The man moaned and she jumped, her hand tightening on the weapon. His eyelids fluttered open and his head turned toward her movement. He focused on her, his black eyes commanding despite the supplication in his hoarse one-word plea. “Help.”

Self-preservation warred with the desire to help. Undecided, Genevieve stood her ground while he flattened his hand against the plank floor and struggled to rise a few inches. He managed to heave himself further onto the porch before collapsing on his back again. The meager pool of light spilled over his upper body, revealing a dark stain over the shoulder of his shredded jacket.

Holy crap, that’s a lot of blood!Horror trumped her caution, and she hurried out to kneel beside him, laying the pistol within her reach. His jacket was light and completely inappropriate for the weather. Genevieve fumbled for a minute with the zipper, and then just gripped both sides of the material and ripped it apart. When she spread the windbreaker open she got her explanation for the state of his outerwear. The man must have torn the lining out with his hands to wrap a wad of material around his shoulder. The light blue nylon had turned dark red.

The knot was difficult to undo, but it finally came apart. The material actually stuck to his skin. Luckily, she wasn’t given to squeamishness, or peeling it off would have made her gag. The rip in his tan shirt was convenient, and she stuck her fingers in it to make it wider. She drew in a startled breath at the sight of his torn flesh underneath.

The jagged hole in his shoulder left little doubt he had met the wrong side of a gun. He flinched when she probed her fingers underneath him, but the quick inspection told her the bullet had gone clean through. That was the only good news, though. An unhealthy combination of dried blood, dirt, insect bites and scratches caked it, and the skin around the jagged edges of the injury was purple and puffy with infection. Now that she was close enough to feel the heat radiating off him, she realized his half-open eyes were too bright with fever. “When were you injured?”

His mouth worked. “Two—days? Don’t remember. Saw your smoke…”

Two days? He’d been crawling around the cold woods with a serious wound for a couple of days? No wonder he was so bad off. She’d heard of a man who got shot while stranded outdoors once and died of infection within seventy-two hours. This man was lucky he hadn’t also been attacked by animals or succumbed to dehydration.

The mystery as to his lightweight jacket was solved though. Weather turned quickly in the mountains. A couple of days ago, or even yesterday, the windbreaker would have been more than sufficient.
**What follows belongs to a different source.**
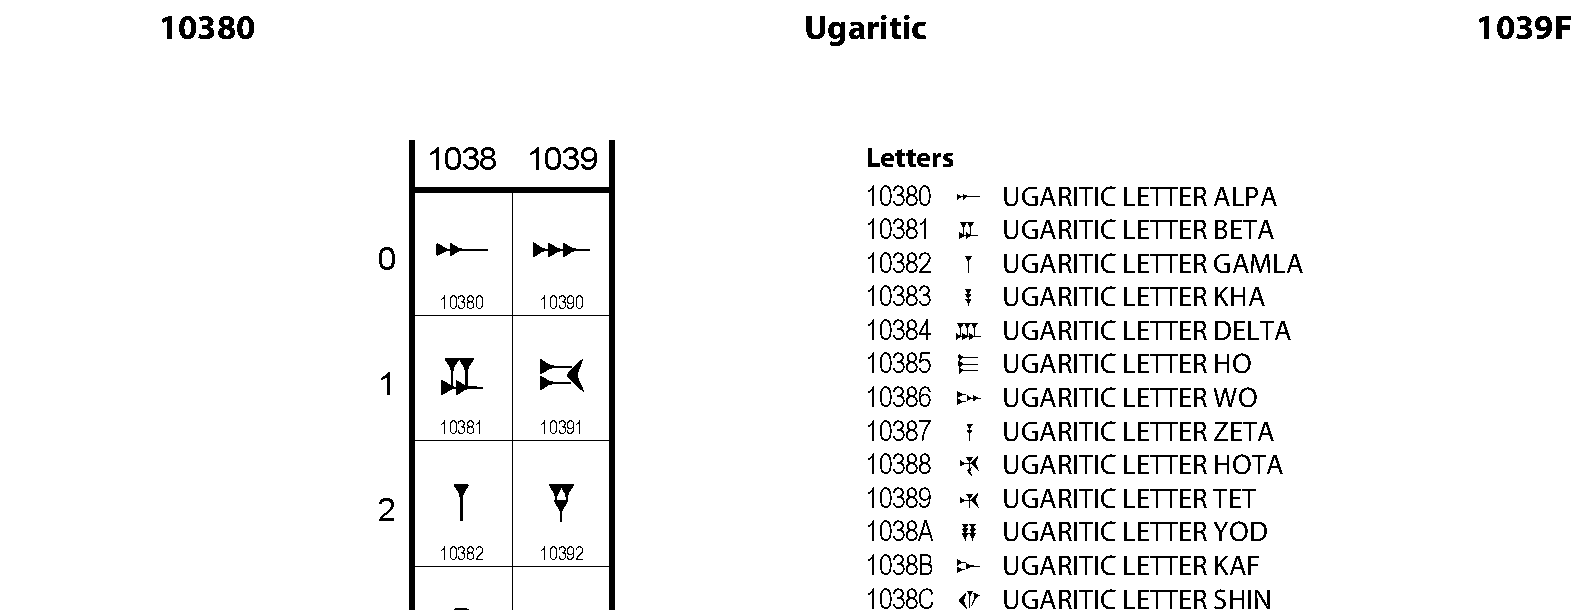 Unicode - Ugaritic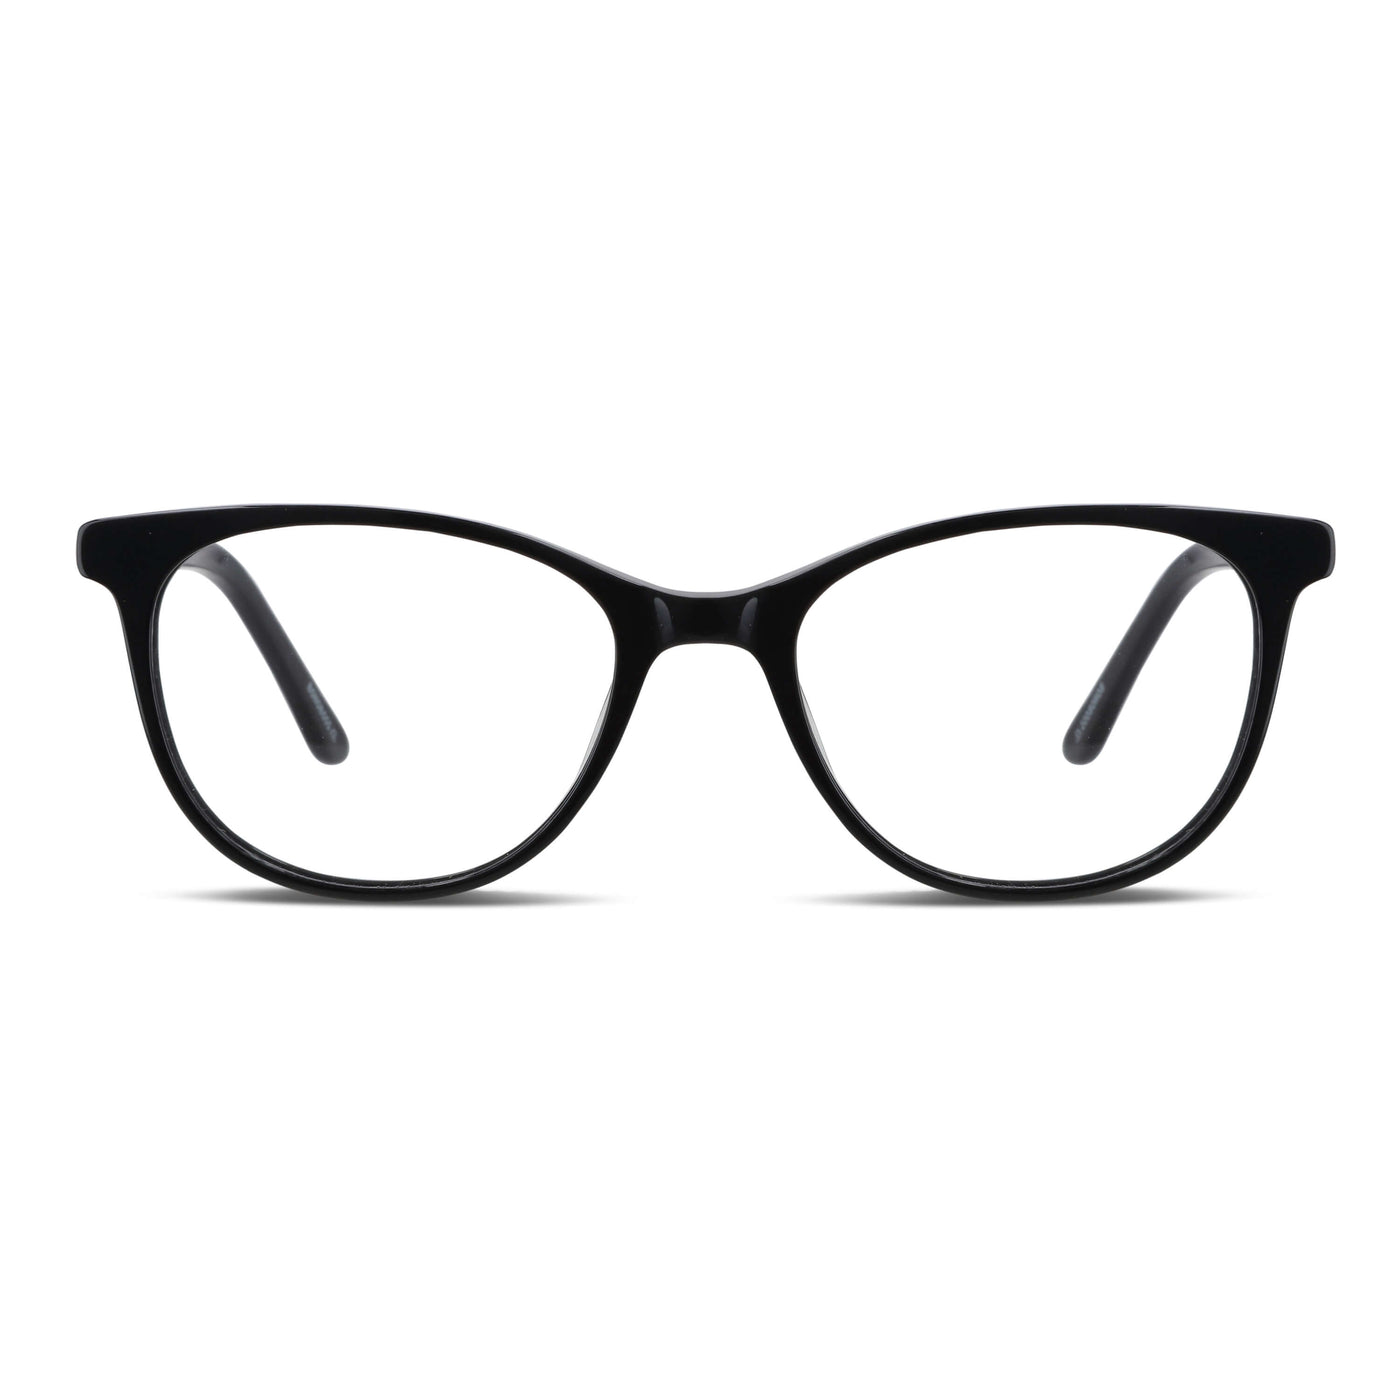  lentes agatados negros mujer cara redonda opticos multifocales bifocales receta mayorista distribuidor.jpg

Had he stayed out all night tonight, he would have frozen to death. “Who did this to you?”

“Don’t know…tried to get police…” The man shook his head, dazed. “Lost my phone.”

Phone. Yes. Why hadn’t she thought of that? No police, never, but she could get help. “Stay here.” As if he could go anywhere.

Leaving him down for the count, she palmed her gun and darted into her cabin. After Mom had died, she’d broken down and bought the telephone hanging on her kitchen wall.

By the time she got to the second digit in the closest hospital’s number, though, Genevieve realized she wasn’t hearing any telltale beeps. “Fuck, fuck, fuck.” She slammed it down into the cradle and picked it up again. No dial tone. Dead. What a time for one of her few modern conveniences to fail her.

Genevieve returned to the porch and studied the guy for a second. Though she knew nothing would happen, she tried to slow her racing mind and focus past the man’s physical plane.